Если бы Хемингуэй сделал любовь целиком доступной для героя «Фиесты», он, вероятно, потерял бы его в этом омуте. Представитель «потерянного поколения» мог пить и не стать пьяницей, но он не мог любить и не наркотизировать себя любовью, потому что в окружающем мире не было ни задач, ни символов, ни обязанностей, которые могли бы помешать ему забыться в другом человеке.
Итак, от опиума половых сношений, самого утонченного и благородного из всех опиумов, хемингуэевский /258/ герой не свободен. Этим, на наш взгляд, и объясняется удивительное решение вопроса в «Фиесте».

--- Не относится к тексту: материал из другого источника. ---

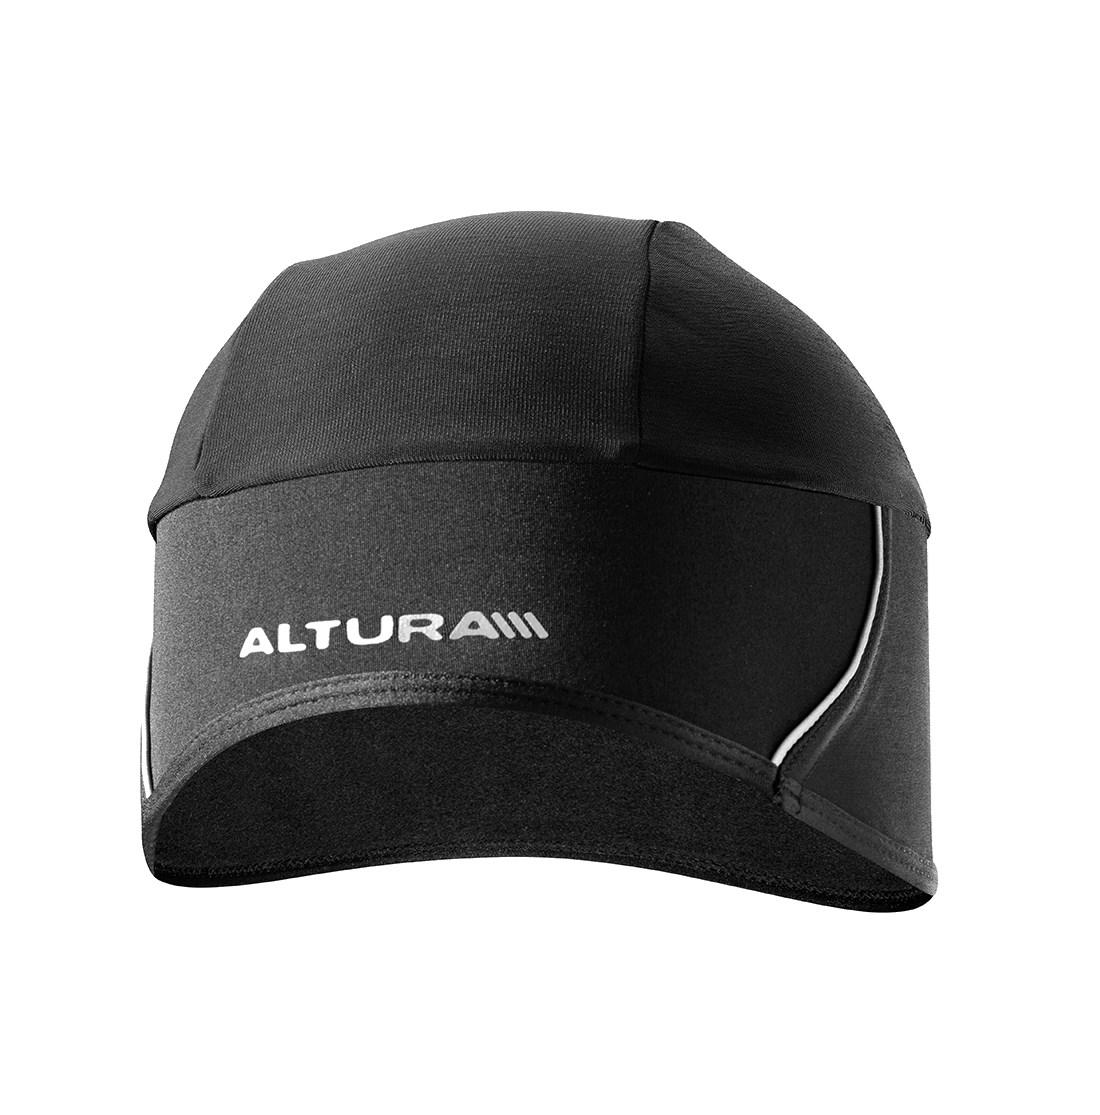 http://www.leisurelakesbikes.com/images/altura-windproof-skull-cap.jpeg?maxheight=1200
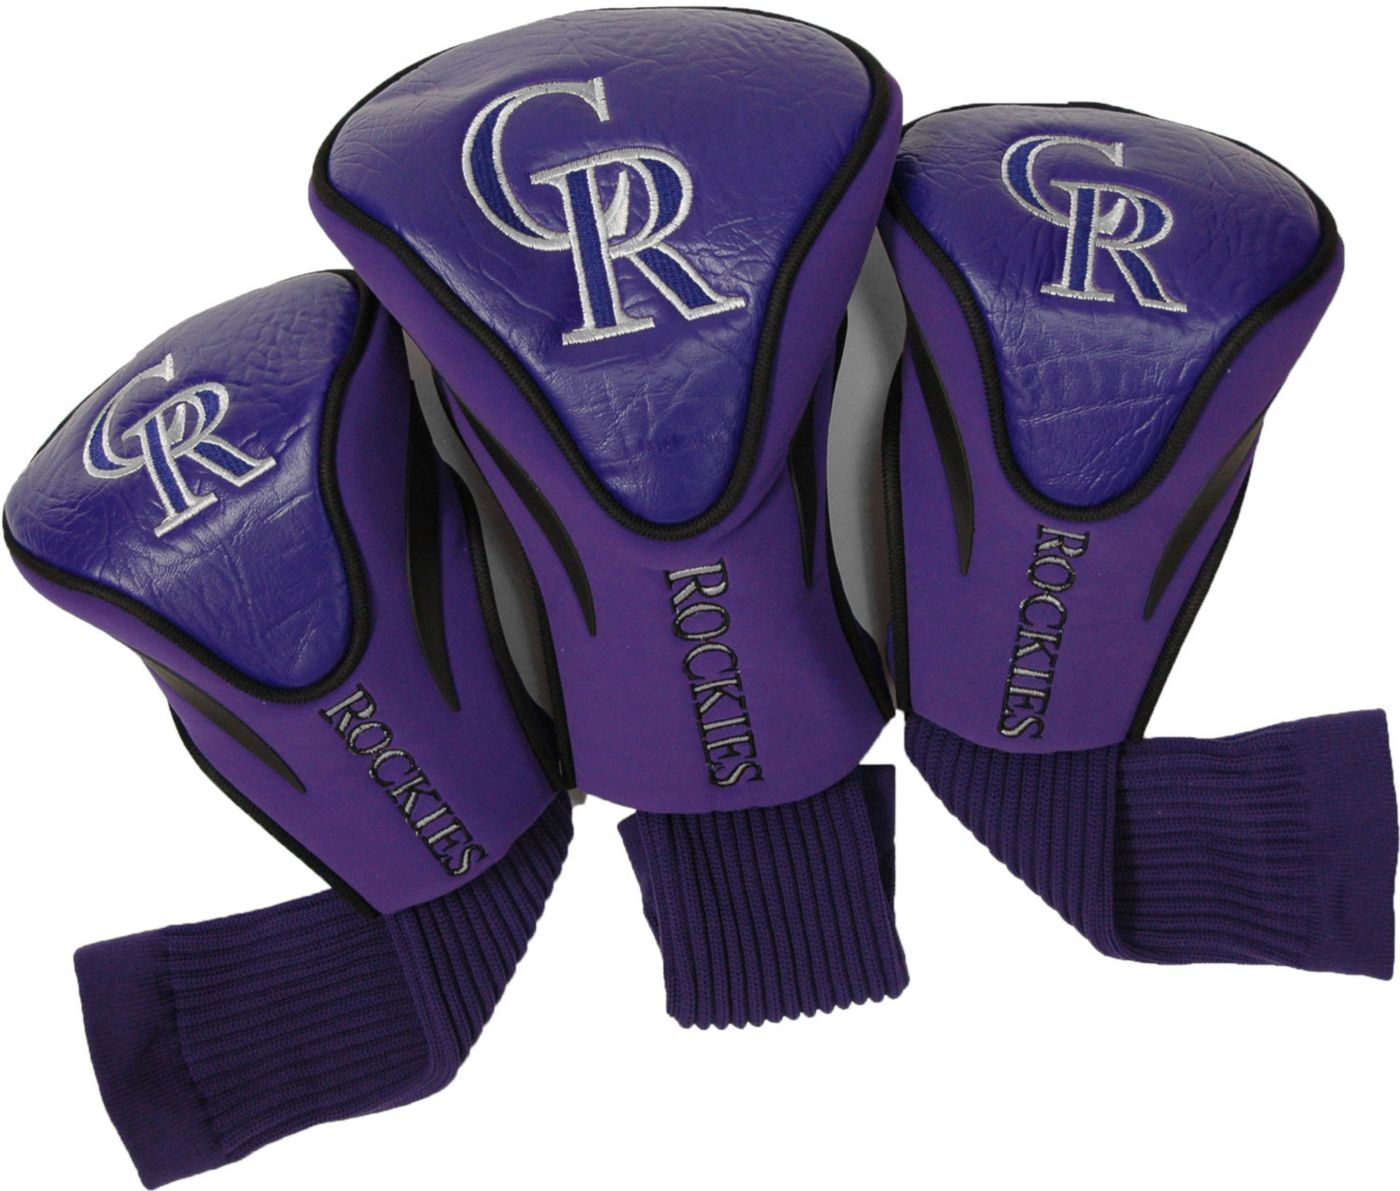 Team Golf Colorado Rockies Contour Sock Headcovers - 3 Pack

Джейк Барнс любит Брет и тем не менее сохраняет бодрственную ясность сознания; каждую минуту он лицом к лицу с реальностью. Бодрствование Джейка сторожит увечье.
Война сделала Барнса самым неуязвимым для иллюзий: она оскопила его. Печать этого оскопления лежит на всем романе: на его сюжете, на переданном в нем ощущении времени и вещей.
Увечье Джейка Барнса — это сама война. Мы уже говорили, что она никогда не была для Хемингуэя воплощением романтической жестокости, кровожадности, мести, достойных высокой трагедии. Война была кровавым фарсом, и жестокость шла в ней рука об руку с нелепостью, стихийной слепотой и невероятностью обстоятельств. Потерять руку или сделаться человеком с благородным шрамом на лице — это больше соответствовало эпохе Наполеона и Нельсона. А в 1918 году люди возвращались такими, словно их специально отделывали для маскарада уродов: и жутко, и смешно, и стыдно, и нелепо, и удивительно. Джейк Барнс коротко и ясно выражает все это, когда говорит: «Да, глупо было получить такое ранение, да еще во время бегства на таком липовом фронте, как итальянский».[15]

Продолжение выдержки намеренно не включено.